Thanks for the reminder; always forget that's an option. Luckily Beehaw already defederated from Hexbear and lemmygrad.

[–] ptz@dubvee.org 21 points 5 months ago* (last edited 5 months ago) (1 children)

So I unsubscribed from that community, and even considered leaving Lemmy altogether since I feel like those types of posts/comments are so pervasive lately.

I was at that same point back in November/December. Finally just defederated from .ml entirely and started blocking any agenda-pushing accounts in general, and wow, what a difference.

.ml wasn't as bad back when I first started on Lemmy during the Rexodus (most of that was all on grad), but it's definitely become grad-lite since then. My guess is at least a portion of the grad crowd migrated over since it's a commonly defederated instance.

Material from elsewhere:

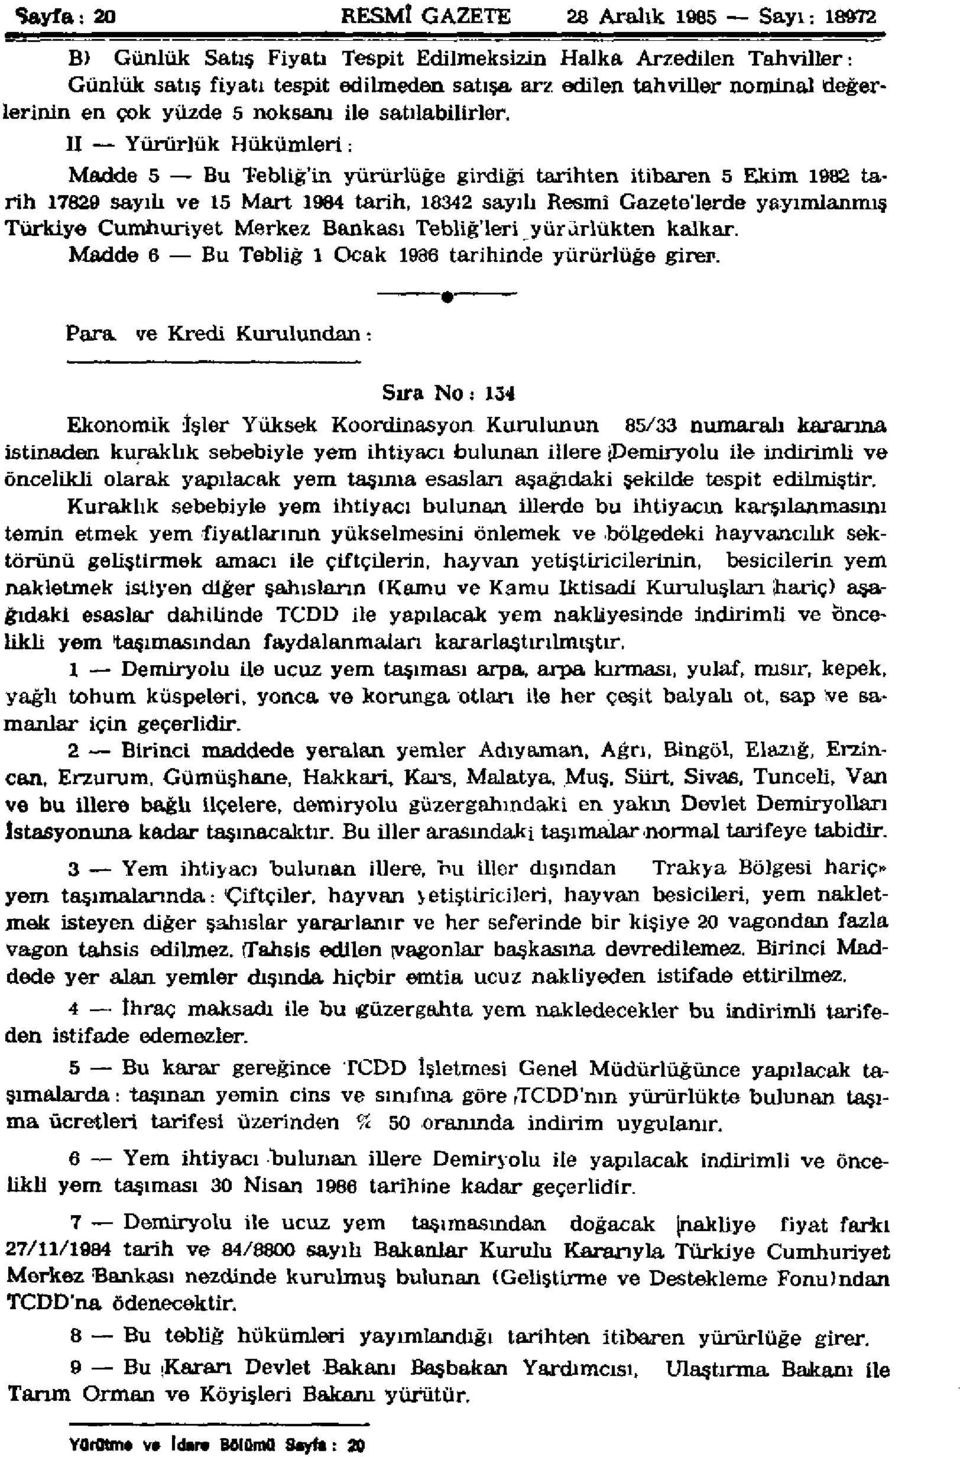 II Yürürlük Hükümleri: Madde 5 Bu Tebliğ'in yürürlüğe girdiği tarihten itibaren 5 Ekim 1982 tarih 17829 sayılı ve 15 Mart 1984 tarih, 18342 sayılı Resmî Gazete'Ierde yayımlanmış Türkiye Cumhuriyet

I kinda wish .ml wasn't the official / de-facto flagship instance. I wonder how many people would have joined the Reddit-style corner of the Fediverse but were put off by .ml thinking that's what it's all like.

[–] JCPhoenix@beehaw.org 11 points 5 months ago

I've tried to recommend Beehaw to others, but I don't think I've gotten a single bite. Because when they visit Beehaw, they also see content from the other parts of Lemmy -- both posts and comments -- that Beehaw still federates with, including .ml, and are turned off by a lot of it.

A big part of it is not understanding how the fediverse works, but that's to be expected; it is confusing. But even having heard my explanation, they're often still like, "Meh, I'll just stick with reddit..." because, as you mentioned, first impressions are everything.